The development and progression of atherosclerosis observed in this study was consistent with previous results in chow-fed ApoE−/− mice12,14. Comprehensive plasma metabolomic profiles differentiated atherosclerosis-prone and atherosclerosis-resistant models. The degree of separation in the metabolomic profiles, as well as the number of extremely altered metabolites between the two mouse models increased substantially from 5 to 10 and 15-week time points, which mirrors the progressive differences in the phenotypes between ApoE−/− and ApoE+/− mice over time. Identification of significantly altered metabolites between the atherosclerosis-prone and age-matched atherosclerosis-resistant models revealed changes in pathways involving glycerophospholipid and sphingolipid metabolism. These lipids are not only structural components of biological membranes, but also act as signaling molecules and bioactive mediators in important atherosclerosis-related cellular processes, including apoptosis, angiogenesis, inflammation and proliferation18,19,20,21,22. Disturbances in their metabolism have been previously observed in atherosclerosis-related diseases23,24,25; however, to the best of our knowledge, we are the first group to identify the specific pathways within these metabolic systems that are associated with the specific stages of atherosclerotic progression.
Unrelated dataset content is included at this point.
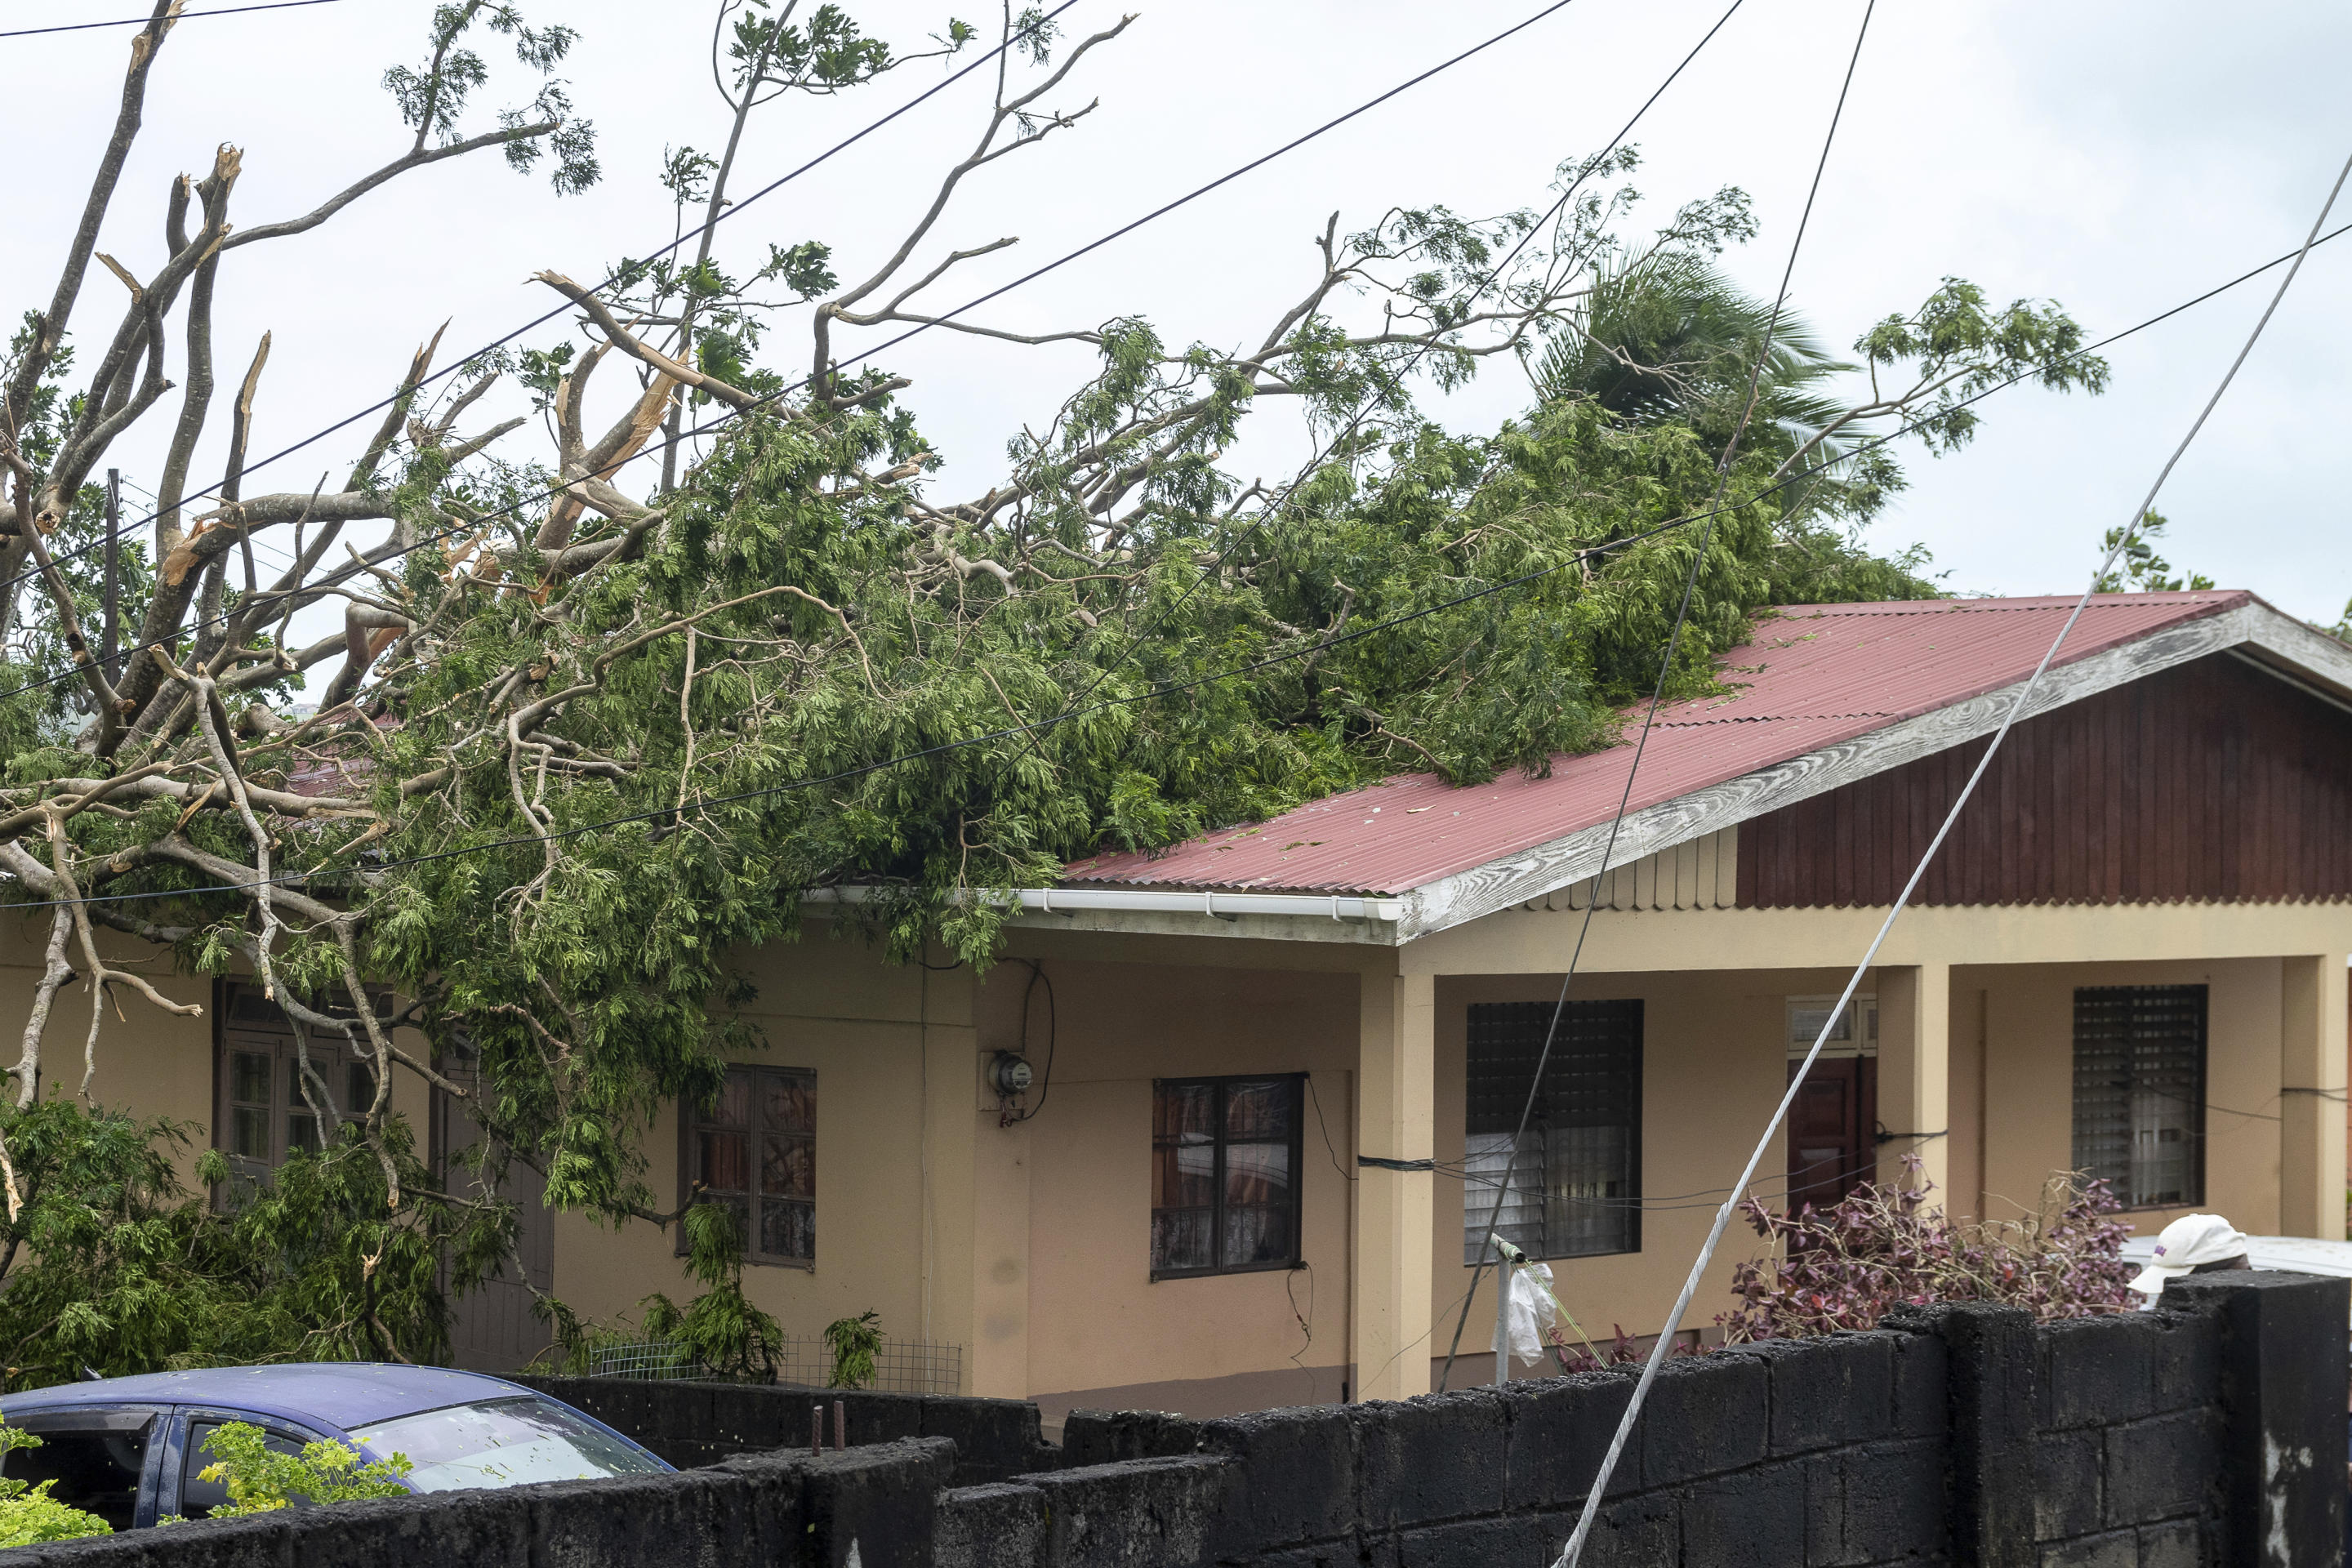 A tree lies on the roof of a house in Kingstown, the capital of Saint Vincent and the Grenadines.

Metabolites in the sphingomyelin biosynthetic pathway are significantly altered prior to detectable lesion formation and at all subsequent time points. This pathway is an important link between glycerophospholipid and sphingolipid metabolism. Phosphatidylcholine and sphingomyelin are the two most abundant phospholipids in mammalian plasma26,27. These phospholipids also appear in all major lipoproteins and are abundant in atherosclerotic lesions. Both plasma phosphatidylcholine and sphingomyelin have been identified as independent risk factors for coronary heart disease28,29,30,31.
Metabolites in the glycosphingolipid pathway were augmented in ApoE−/− mice with intermediate lesions. Glycosphingolipids are involved in the hydrolytic pathway of ceramide metabolism. Altered levels of hexosyl-ceramide suggests a dysregulation of ceramide synthase, which is an important mediator of sphingolipid metabolism and a key regulator of endoplasmic reticulum (ER) homeostasis32. Indeed, increased levels of hexosyl-ceramide have been associated with the upregulation of C/EBP homologous protein (CHOP), an indicator of ER stress33,34. Previous findings from our lab and others have implicated ER stress in the development and progression of atherosclerosis35,36,37,38.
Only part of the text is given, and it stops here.